Chilli-Salt Squid
This recipe for Chilli-Salt Squid involves cleaning and preparing fresh squid before coating it in a seasoned flour mixture. The squid is then quickly deep-fried until just tender and served with fried red chillies, spring onions and fresh coriander. It is a simple yet impressive dish that is best enjoyed immediately with lemon halves on the side. The entire process takes only about 20 minutes to complete.
Ingredients
- 600 g small whole squid
- 1/3 cup plain all-purpose flour
- 1 tablespoon chili powder
- 1 tablespoon sea salt
- vegetable oil (for deep frying)
- 2 large red chilies, cut in half lengthways and seeds removed
- 2 tablespoons spring onions, julienne (scallion)
- 1/4 cup coriander sprig
- 2 lemons, halved
Method
- Gently separate the head and tentacles from the squid body.
- Discard the entrails and pull out the clear quill from inside the body.
- Cut the tentacles away just below the eyes and discard the head section.
- Take off the side wings and peel away the fine membrane from the body.
- Rinse the body, tentacles and wings well, then pat them completely dry with kitchen paper.
- Slice the body open down the centre to flatten it, then cut the body and wings into 5mm (1/4in) wide strips.
- Mix the plain all-purpose flour, 1 tablespoon chili powder and 1 tablespoon sea salt together in a large bowl.
- Toss the squid pieces and tentacles in the flour mixture to coat them, shaking off any extra flour.
- Heat vegetable oil in a hot wok until the surface appears to shimmer slightly.

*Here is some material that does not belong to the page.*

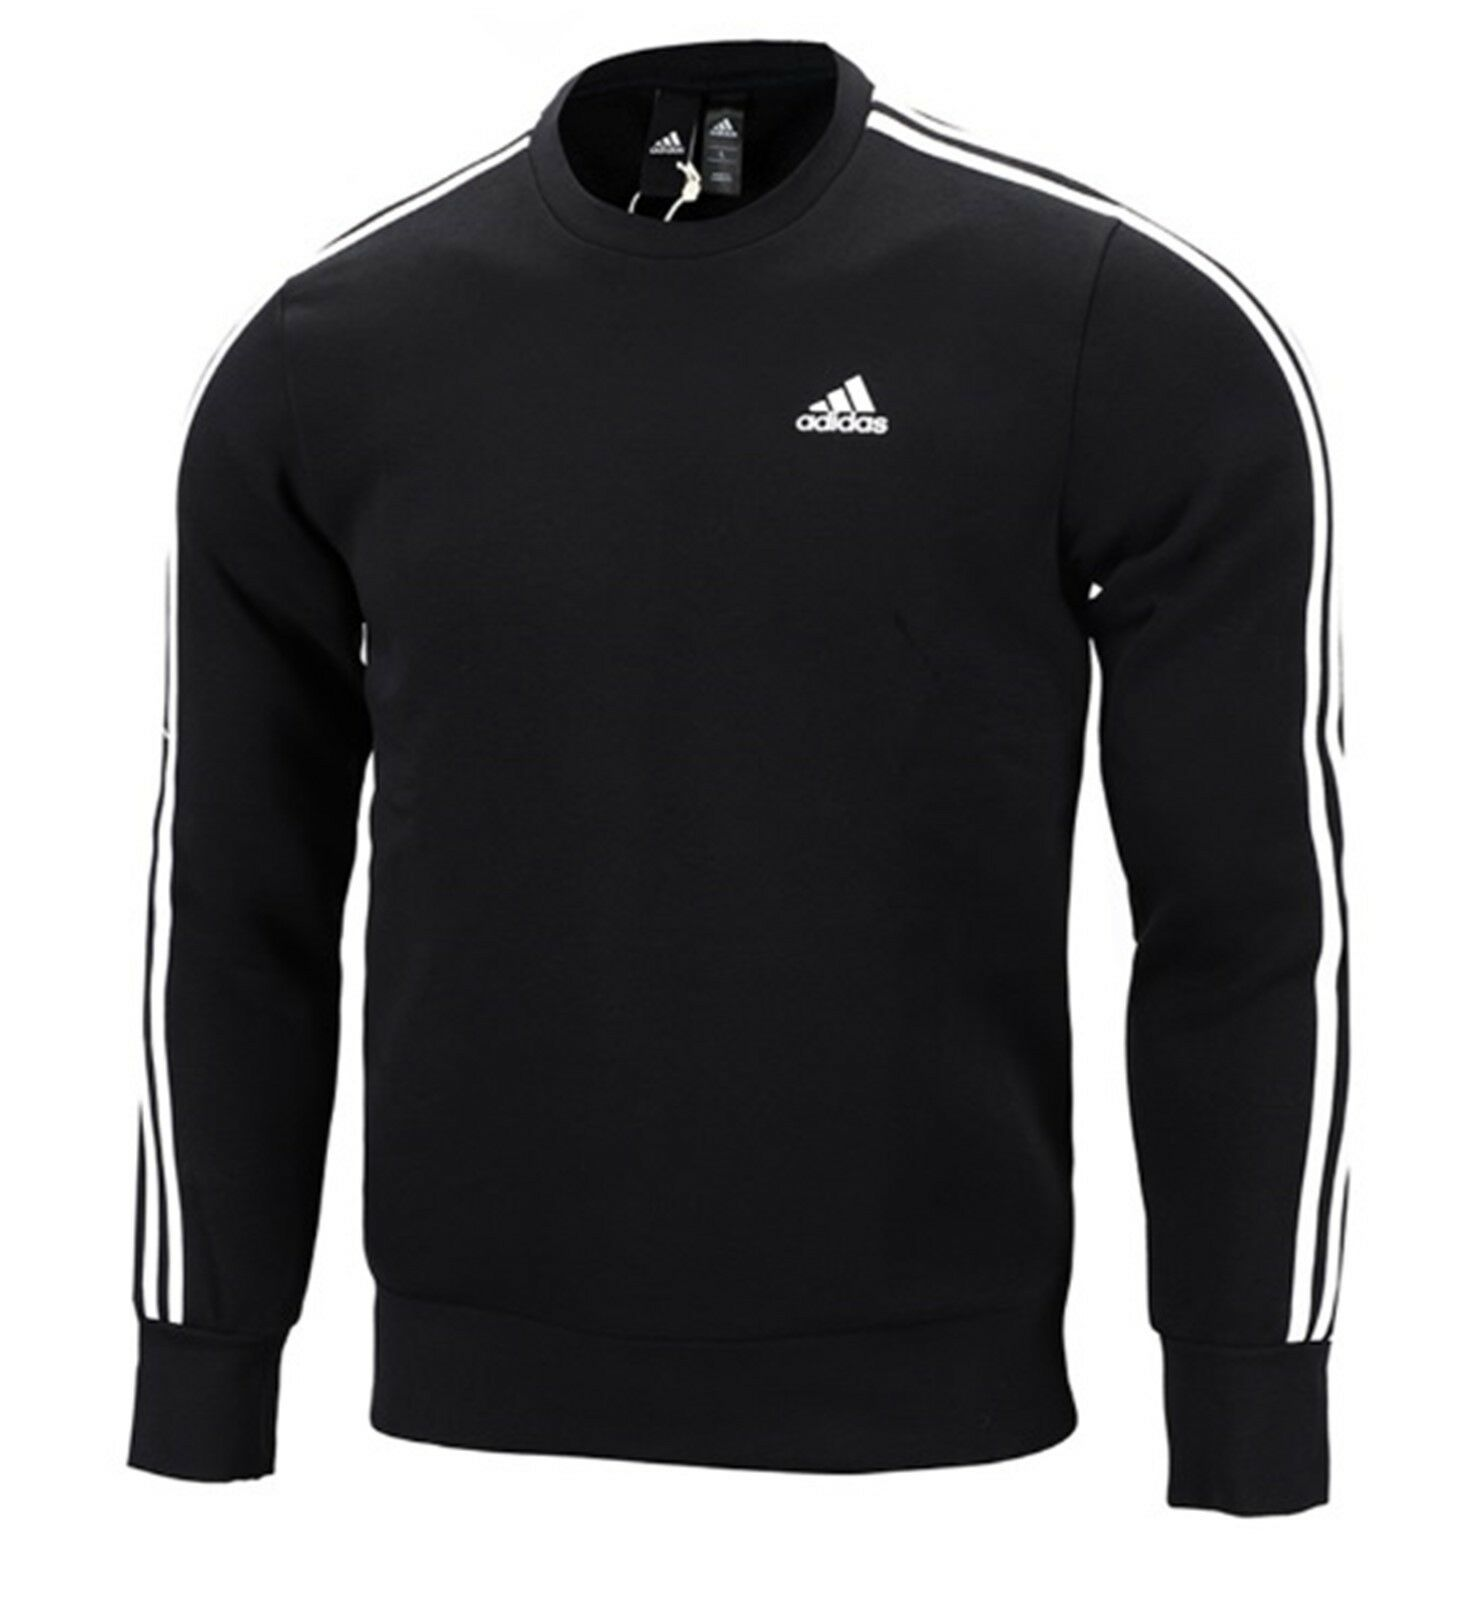 Adidas Hombre Esencial 3S Crew camisas L S Camisa Camiseta

- Deep-fry half of the coated squid for about 1 minute, until it just becomes tender and starts to colour.
- Use a slotted spoon to remove the squid and drain it well on kitchen paper.

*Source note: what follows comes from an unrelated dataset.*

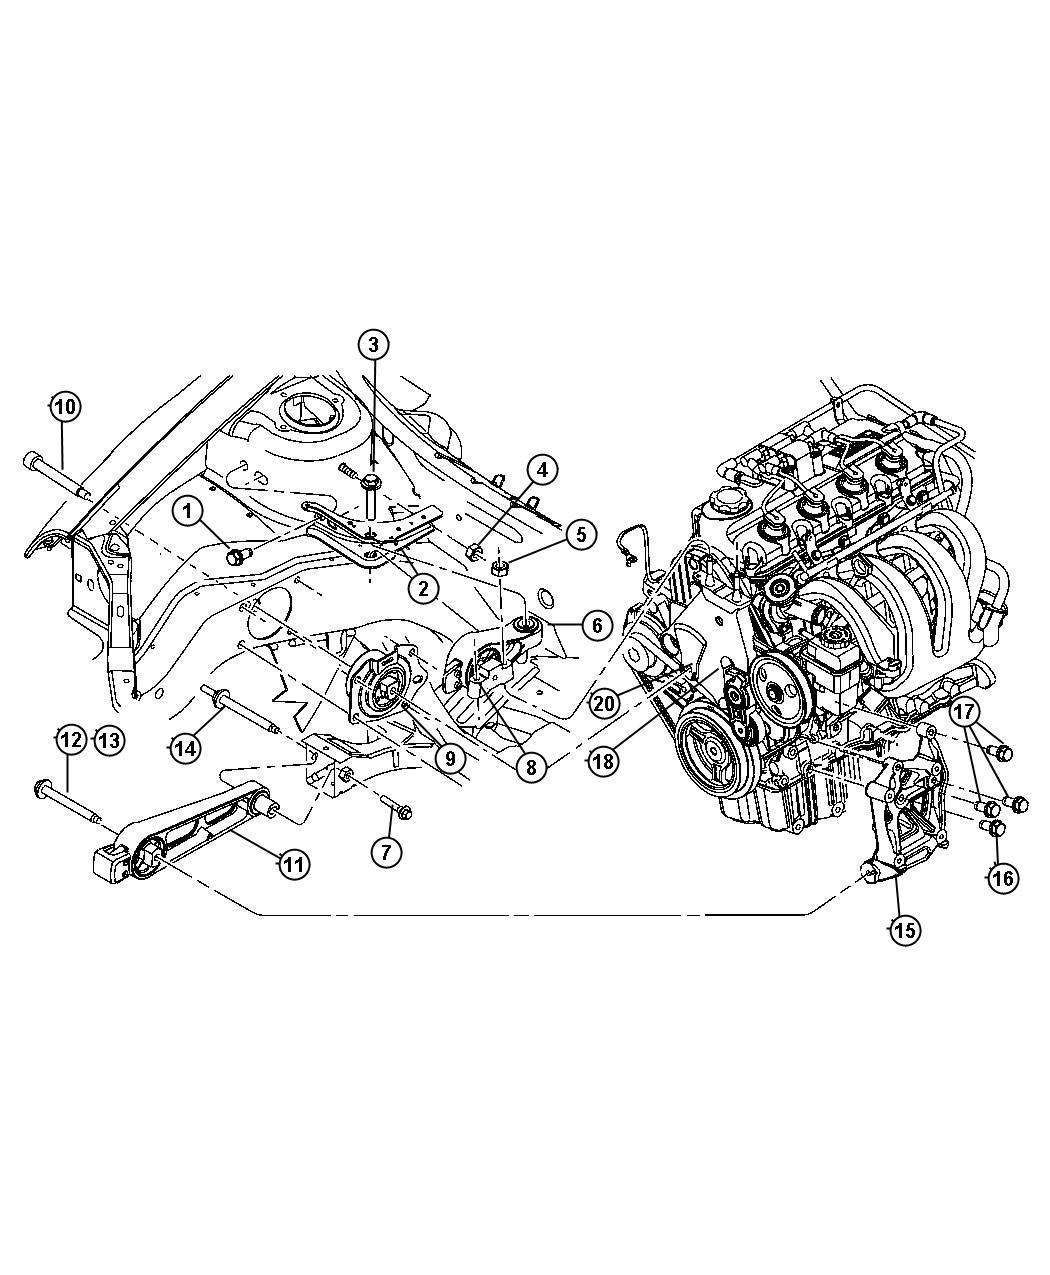 04668364AE  Chrysler Tensioner and bracket Engine mount

- Fry the remaining half of the squid in the same way.
- Place the halved red chillies into the same hot oil and fry them for about 30 seconds, until they turn a deep bright-red colour, then remove and drain.
- Place the fried squid on a serving platter and garnish it with the fried chillies, 2 tablespoons julienne spring onions and 1/4 cup coriander sprigs.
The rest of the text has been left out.